Java Lambda Expression with Non-final Function Paramter

Question

I am trying to simply time a function by using the Runnable interface to wrap around whichever function I need.

private static double time(Runnable runnable) { // returns how long runnable took
    long startTime = System.nanoTime();
    runnable.run();
    return (System.nanoTime() - startTime) / 1000000000.0;
}

then I could simply do the following:

double durationOfFunctionA = time(Driver::functionA); // functionA belongs in class Driver

however, if I have a function that takes a parameter, it must be modified to:

double durationOfFunctionB = time(() -> functionB(someParameter));

The problem I am having is that 'someParameter' must be final or effectively final. Is there any workaround this problem? I have seen loops with forEach, but I need this parameter to be exponential from 1, 10, 100 -> until a condition is met. The code is this:

public static void main(String[] args) {
    double timer = 0;
    int size = 1;

    while(timer <= 10) {
        timer = time(() -> functionB(size));
        size *= 10;
    }
}

I require functionB to take in a parameter because I want to test the complexity/big-O of it. I am worried that I am not coding/using lambda expressions the correct way. If someone can help solve this problem or find another solution, that would be appreciated.

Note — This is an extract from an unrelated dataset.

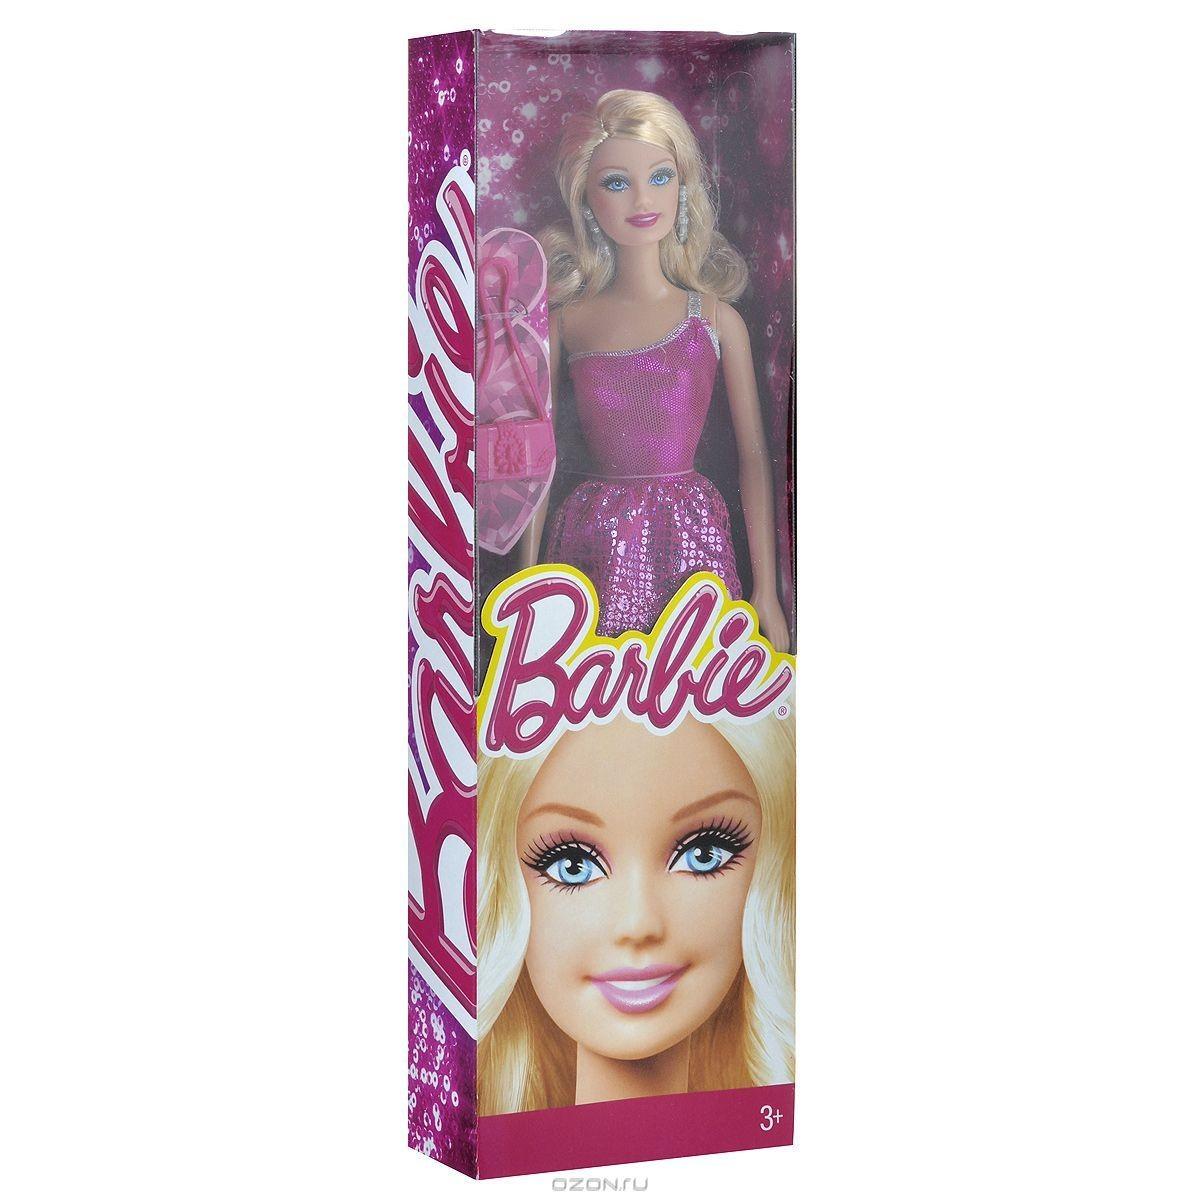 Кукла Барби. Сияние моды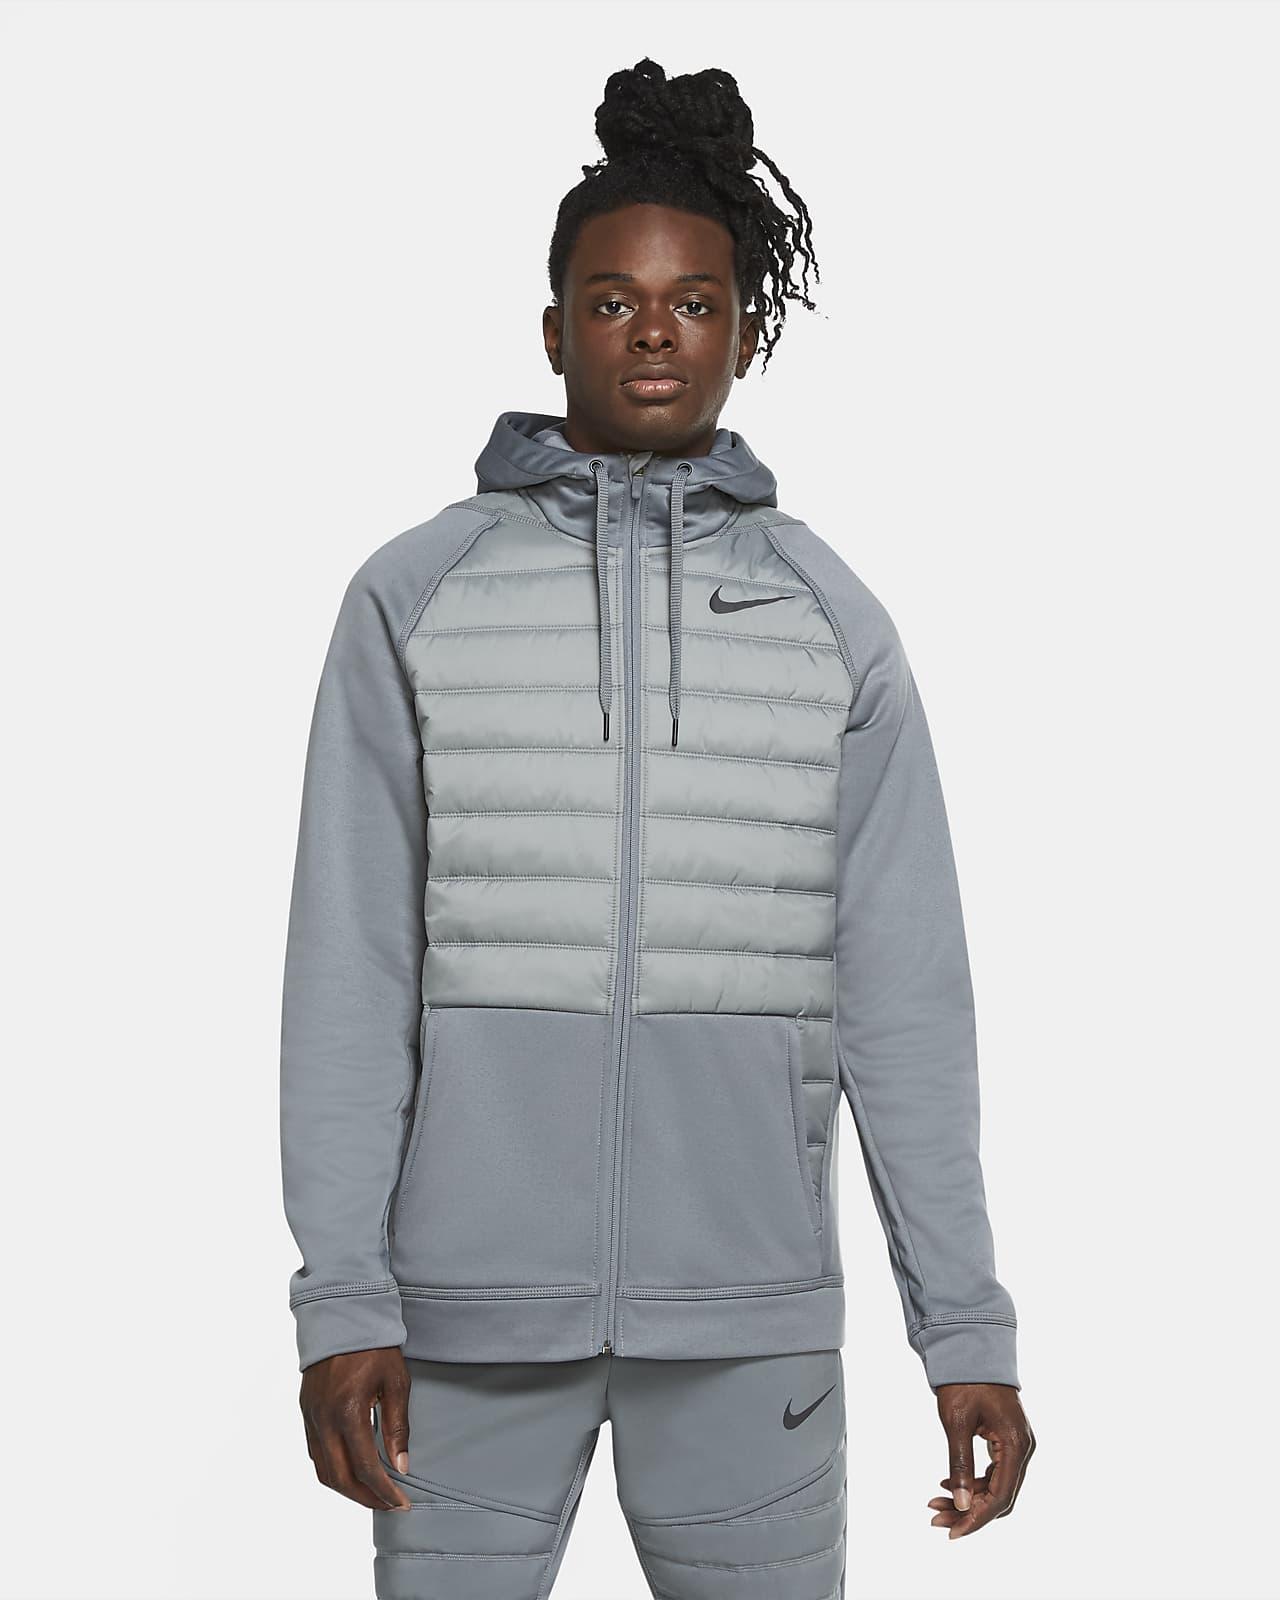 Pánská tréninková bunda Nike Therma s dlouhým zipem

As a side note, I do know that I don't have to make this so complex with a Runnable interface, I can just do the timing right in the while loop. However, I just wanted to see if it were possible to do such a thing both so I could just input some function to test, and as syntactic sugar.

Answer 1

You can simply copy the variable value to separate final variable like this:

double timer = 0;
int size = 0;
while(true) {
  final finalSize = size;
  timer = time(() -> functionB(finalSize));
  size *= 10;
}

Also, I can advice you to make some more timing functions for various amount of parameters for functions you want to time. Here how you can do it:

public class Test {

    public static void main(final String[] args) {
        int ttt = 0;
        time(ttt, Test::func);
        time(ttt, ttt, Test::func);
    }

    public static void func(int i) {

    }

    public static void func(int i, int j) {

    }

    public static <T> double time(T arg, Consumer<T> func) {
        long startTime = System.nanoTime();
        func.accept(arg);
        return (System.nanoTime() - startTime) / 1000000000.0;
    }

    public static <T1, T2> double time(T1 arg1, T2 arg2, BiConsumer<T1, T2> func) {
        long startTime = System.nanoTime();
        func.accept(arg1, arg2);
        return (System.nanoTime() - startTime) / 1000000000.0;
    }

}

Answer 2

Try this.

public static void main(String[] args) {
    double timer = 0;
    final int[] size = {1};

    while(timer <= 10) {
        timer = time(() -> functionB(size[0]));
        size[0] *= 10;
    }
}

Lambda expression refers to the free variables by copying them inside. So the free varibles must not be changed (must be final). But when you pass size[0], lambda expression copies array variable size. It is final.